Getting Started with huggingfaceR

What is huggingfaceR?

huggingfaceR provides R users with direct access to over 500,000 machine learning models hosted on the Hugging Face Hub. The package uses the Hugging Face Inference API, so you can perform natural language processing tasks – classification, embeddings, chat, text generation, and more – without installing Python or managing model weights locally.

Key design principles:

No Python required. Authentication and a network connection are all you need.
Tidyverse-native. Every function accepts character vectors and returns tibbles.
Pipe-friendly. Functions compose naturally with dplyr, tidyr, and the rest of the tidyverse.

Installation

Install the released version from CRAN or the development version from GitHub:

# From CRAN
install.packages("huggingfaceR")

# Development version
# install.packages("devtools")
devtools::install_github("farach/huggingfaceR")

Authentication

Hugging Face requires an API token for inference requests. To obtain one:

Create a free account at huggingface.co.
Navigate to Settings > Access Tokens.
Generate a token with at least read access.

Then configure the token in R:

library(huggingfaceR)

# Store your token persistently (writes to .Renviron)
hf_set_token("hf_your_token_here", store = TRUE)

# Verify authentication
hf_whoami()

After storing the token, it is loaded automatically in future sessions.

Quick Tour

Classify Text

Assign labels to text using pre-trained classifiers. The default model performs sentiment analysis, but you can supply any classification model from the Hub.

# Sentiment analysis
hf_classify("I love using R for data science!")

# Zero-shot classification with custom labels (no training needed)
hf_classify_zero_shot(
  "NASA launches new Mars rover",
  labels = c("science", "politics", "sports", "entertainment")
)

Generate Embeddings

Convert text into dense numeric vectors that capture semantic meaning. Similar texts produce similar vectors.

sentences <- c(
  "The cat sat on the mat",
  "A feline rested on the rug",
  "The dog played in the park"
)

embeddings <- hf_embed(sentences)
embeddings

# Compute pairwise cosine similarity
hf_similarity(embeddings)

Chat with a Language Model

Interact with open-source large language models through a simple interface.

# Single question
hf_chat("What is the tidyverse?")

# Guide the model with a system prompt
hf_chat(
  "Explain logistic regression in two sentences.",
  system = "You are a statistics instructor. Use plain language."
)

Explore the Hub

Search for models and load datasets directly into R without leaving your session.

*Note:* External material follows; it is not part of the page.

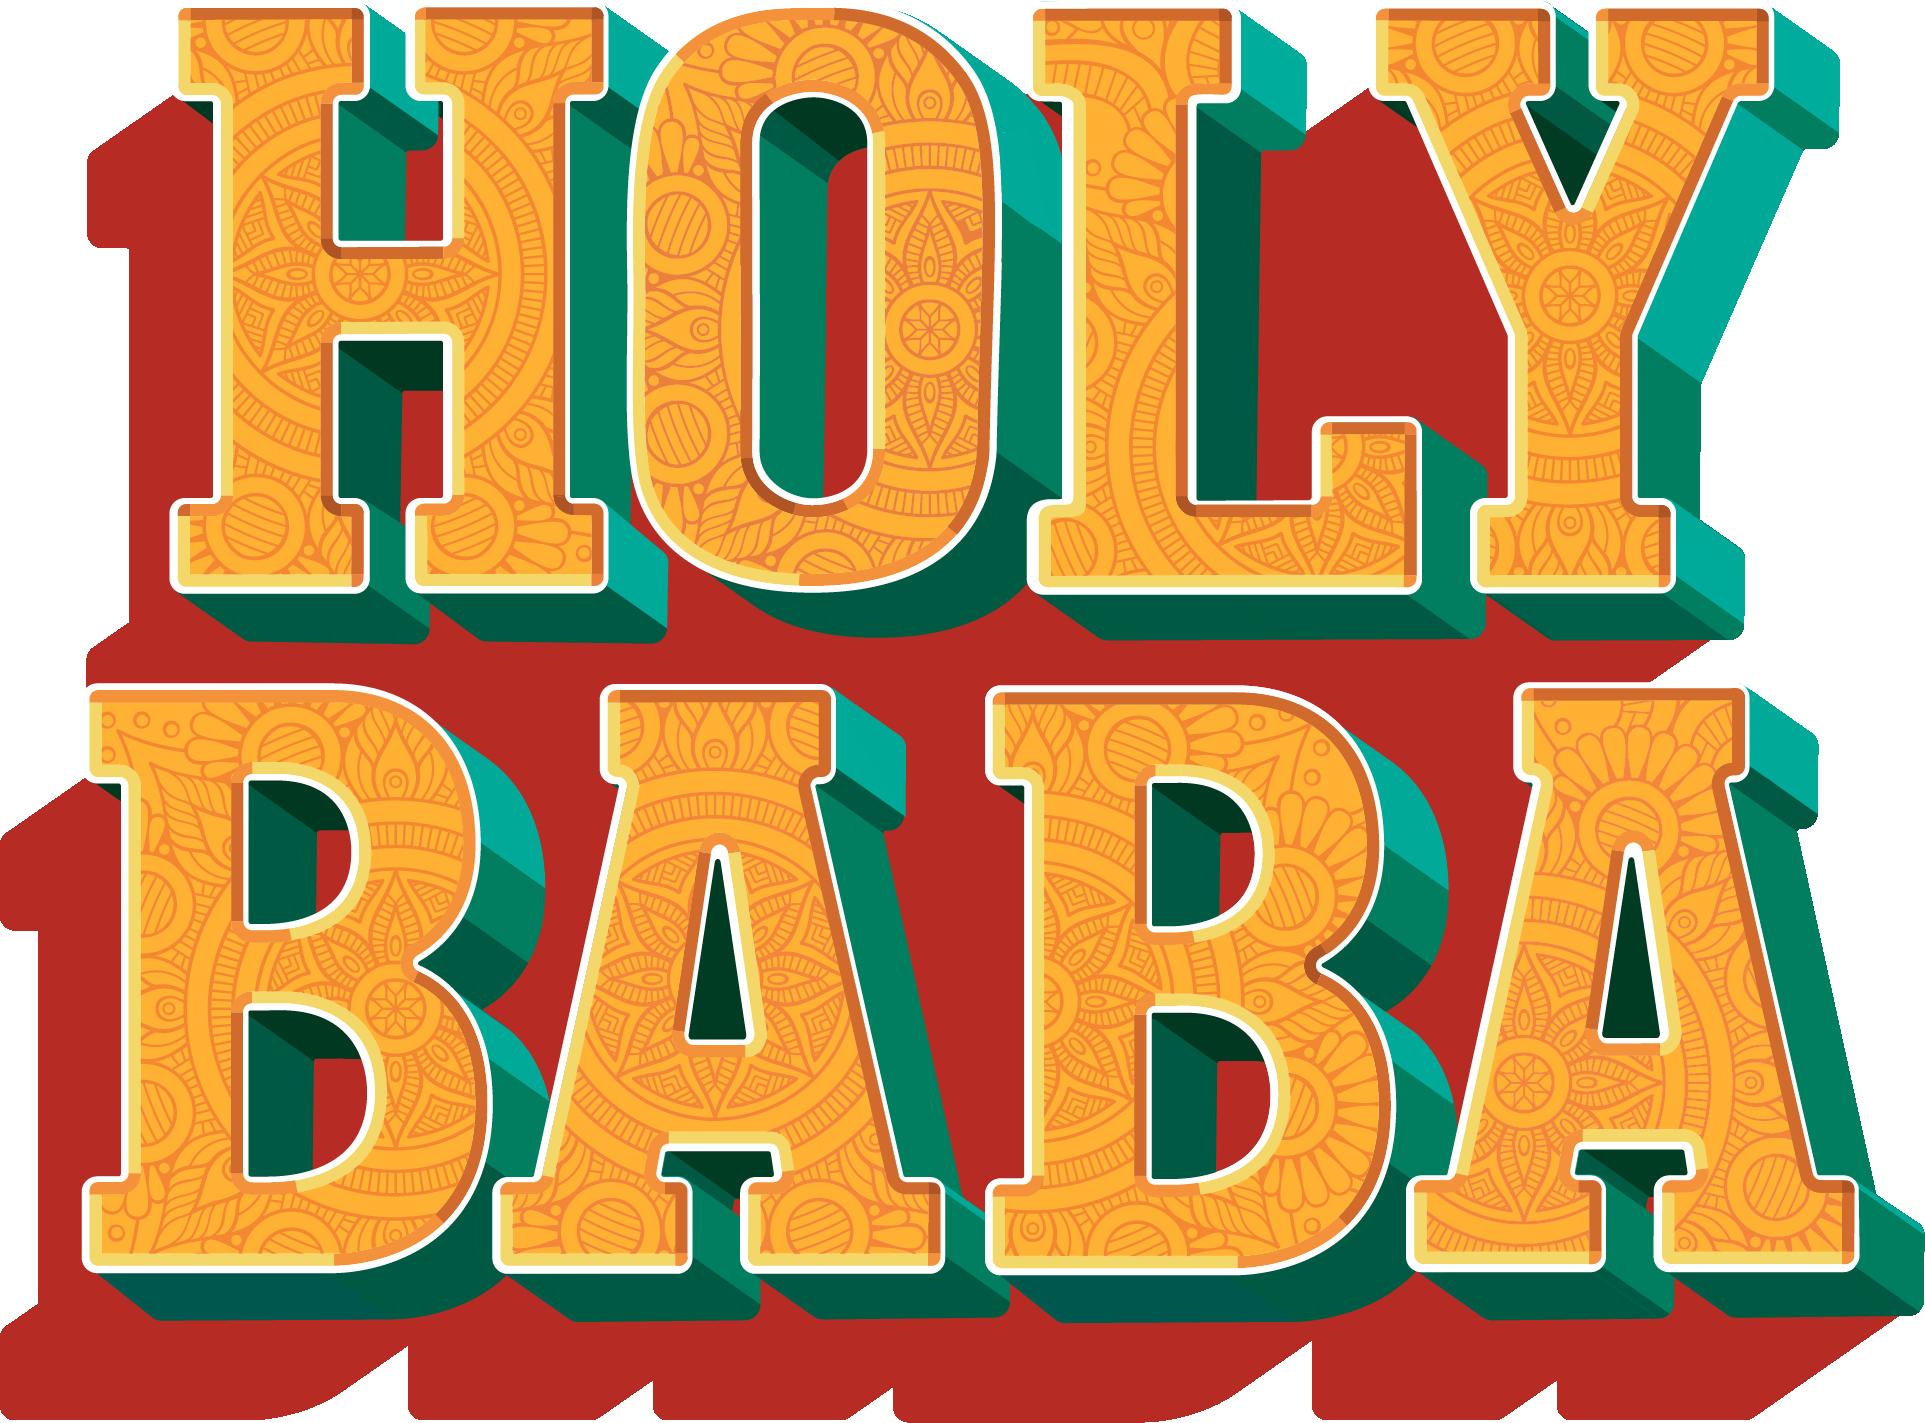 LOGO HOLY BABA

# Find popular text classification models
hf_search_models(task = "text-classification", limit = 5)

# Load dataset rows into a tibble
imdb <- hf_load_dataset("imdb", split = "train", limit = 100)
head(imdb)

Working with Data Frames

All huggingfaceR functions accept character vectors and return tibbles, so they integrate naturally into tidyverse pipelines.

library(dplyr)
library(tidyr)

reviews <- tibble(

  product_id = 1:5,
  review = c(
    "Excellent quality, highly recommend!",
    "Broke after one week of use",
    "Good value for the price",
    "Disappointing, not as advertised",
    "Love it! Will buy again"
  )
)

# Add sentiment scores
reviews |>
  mutate(sentiment = hf_classify(review)) |>
  unnest(sentiment) |>
  select(product_id, review, label, score)

Next Steps

For deeper coverage of each capability, see the following vignettes:

Text Classification and Zero-Shot Labeling – sentiment analysis, custom categories, and data frame workflows.
Embeddings, Similarity, and Semantic Search – vector representations, clustering, topic modeling, and visualization.
Chat, Conversations, and Text Generation – LLM interaction patterns, multi-turn conversations, and fill-mask.
Hub Discovery, Datasets, and Tidymodels Integration – searching models, loading data, and building ML pipelines with embeddings.
Analyzing the Anthropic Economic Index – a research-oriented case study using embeddings, clustering, and zero-shot classification on real-world AI adoption data.

For production workloads: The classification and embeddings vignettes cover batch processing functions (hf_embed_batch(), hf_classify_batch(), etc.) that use parallel requests and disk checkpointing for processing thousands of texts efficiently.